Young Adult fiction: An unnecessary box?

Cait Findlay 2 May 2017
Image Credit: ALEXANDRE BOUE

There’s a book of essays by Michael Chabon called Maps and Legends: Reading and Writing along the Borderlands. In this book, Chabon pays homage to genre fiction, and states that the divisions imposed on fiction, particularly by critics, that would separate ‘literary’ from ‘genre’ fiction (for example, science fiction or fantasy) are purely arbitrary and convenient. When a ‘genre’ book is good enough it ceases to be genre and it passes to the realm of ‘fiction’, both in the collective cultural mind and, more palpably, in bookshops.

Without a doubt, this same phenomenon can be said to occur in what we nowadays call ‘Young Adult’ fiction, whatever that means. Now, I should point out that Young Adult sections in bookshops have appeared relatively recently. When I was a child, and even a teenager (I left that state about 6 years ago), there might be a children’s section that covered everything from colouring books to what is now considered Young Adult. This section has since become more and more divided, indicating what age the people reading specific books should be, or, potentially more accurately, indicating what books should be bought for people of a certain age by adults who don’t really enjoy reading.

I have perused Young Adult sections many times, as a guilty pleasure, because I cannot completely ignore the temptation of teenage angst and plot-driven writing that usually populates these shelves. But it has been a long time since I bought a book from a YA section. And yet, I have not stopped buying books for younger friends and relatives. But I don’t pick them up from the YA section. The reason is pretty simple: good books for young people are not in the YA section. They populate the bookshelves on the children’s section – in the case of Harry Potter, for example – or, more commonly, they sit comfortably alongside the rest of what is considered literary fiction. I’m speaking, of course, of books such as Midnight Children, or The Catcher in the Rye, or To Kill a Mockingbird, to mention just a few well known books that I read as a young adult.

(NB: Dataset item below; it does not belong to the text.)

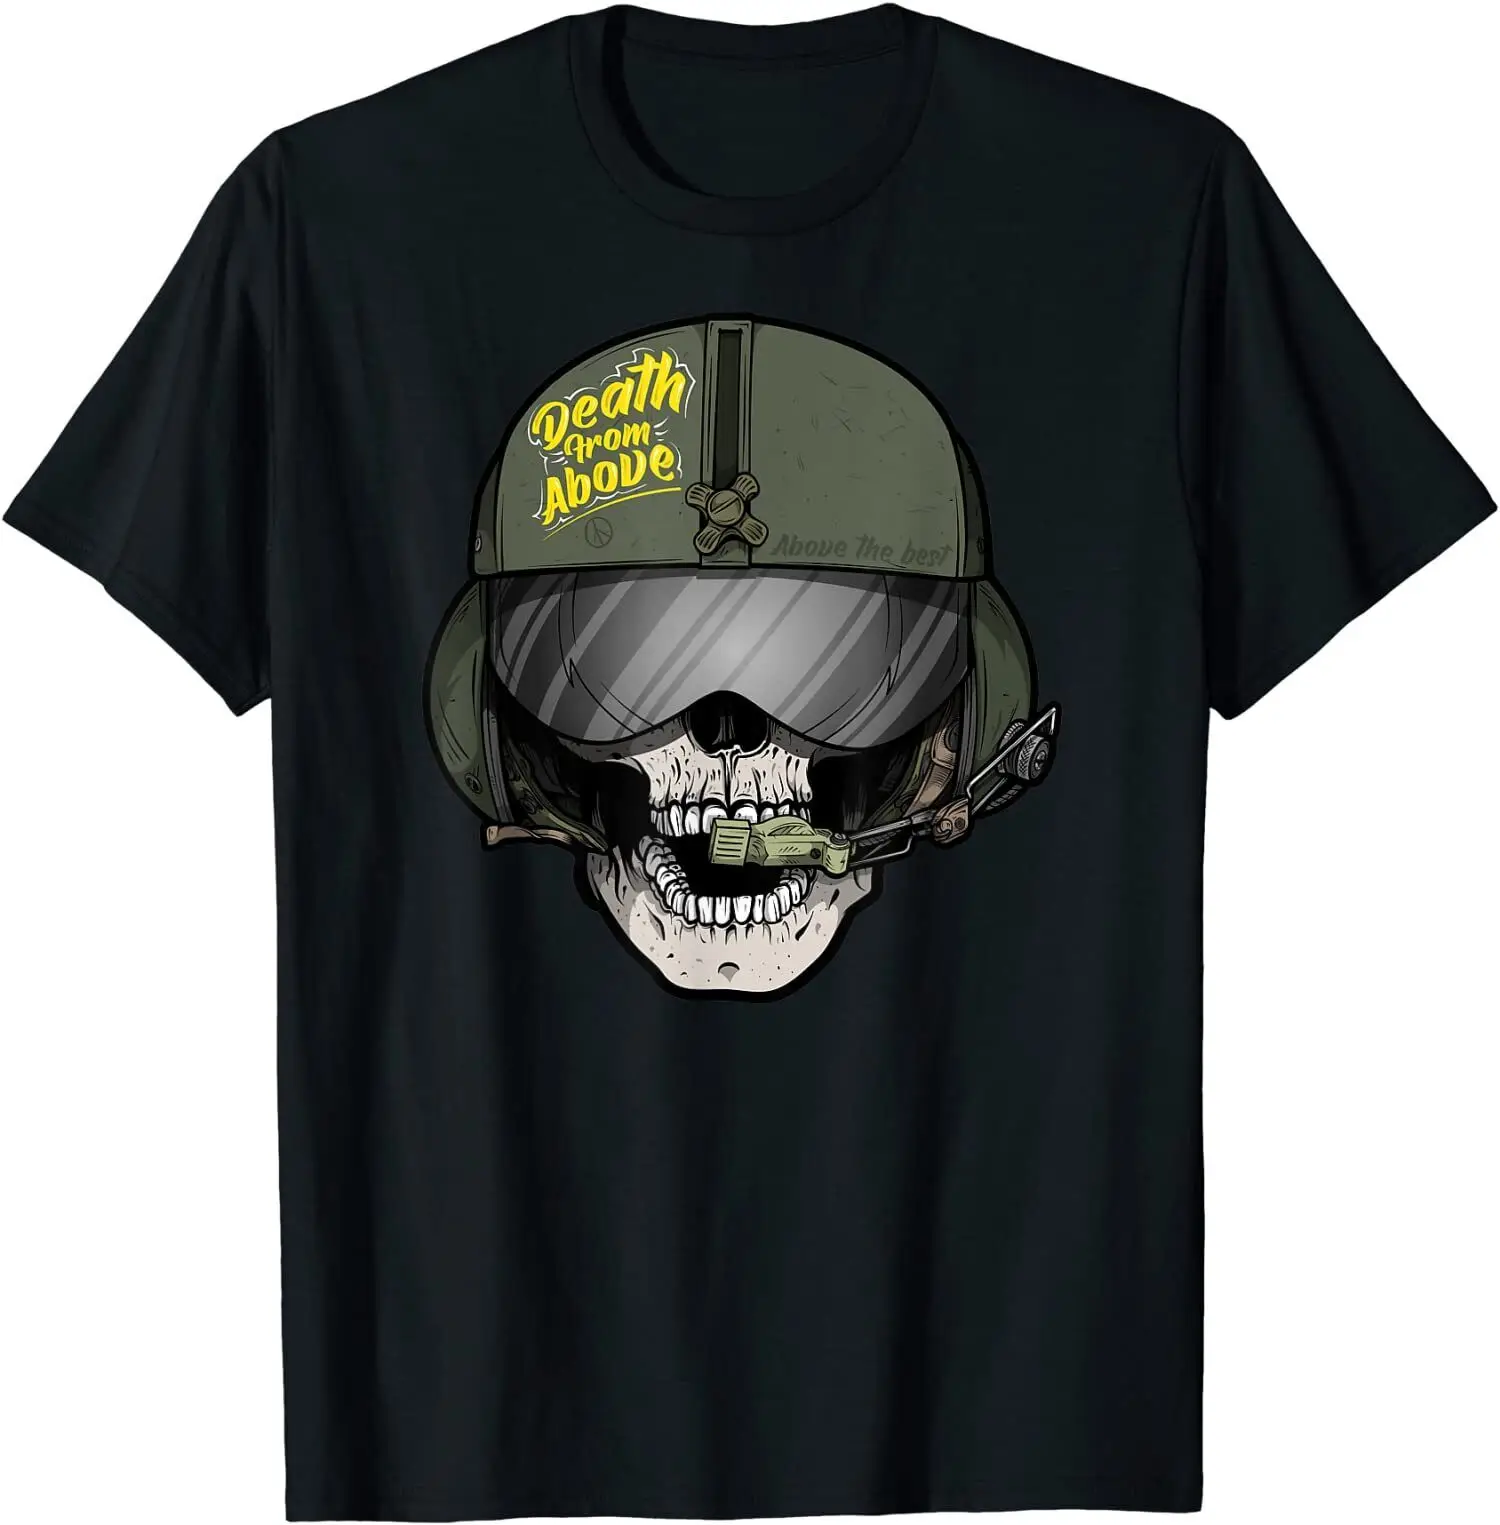 

Helicopter Pilot US Aviation Skull Great Gift Idea Tee T-Shirt Men's 100% Cotton Casual T-shirts Loose Top S-3XL

The Young Adult section, in fact, coalesces two ideas that I despise: the first, that if a book is good enough, it’s a classic and becomes ‘real’ fiction. The second one, which hurts me personally, is the idea that children, teenagers, and young adults cannot appreciate good literature. That good literature is for adults, or that it’s ‘too hard’ for younger people. I especially hate this idea when a lot of what is written for ‘young adults’ is not just bad literature but often carries stereotypes, depicts awful relationships, and shows worlds where people are quite simply not good.

There’s nothing wrong with any of these things individually when they are depicted knowingly, but most of the time these books aren’t critical, but glorifying. How many young adult books are about mean teenage girls? How many about boys becoming warriors or heroes and getting the girl at the end? How many, being about these topics, have no depth, no originality, no point? How many have driven ‘Young Adults’ away from reading?

It may sound like I hate YA fiction. I don’t. Some of my favourite books are coming of age stories. Some of my favourite books are about children or teenagers, and I admire any writer who can make a child seem real on the page. But these books more often than not end up out of the YA section, because they are good books – not just for children, but for anyone. Young adults, just like anyone else, deserve brilliant books.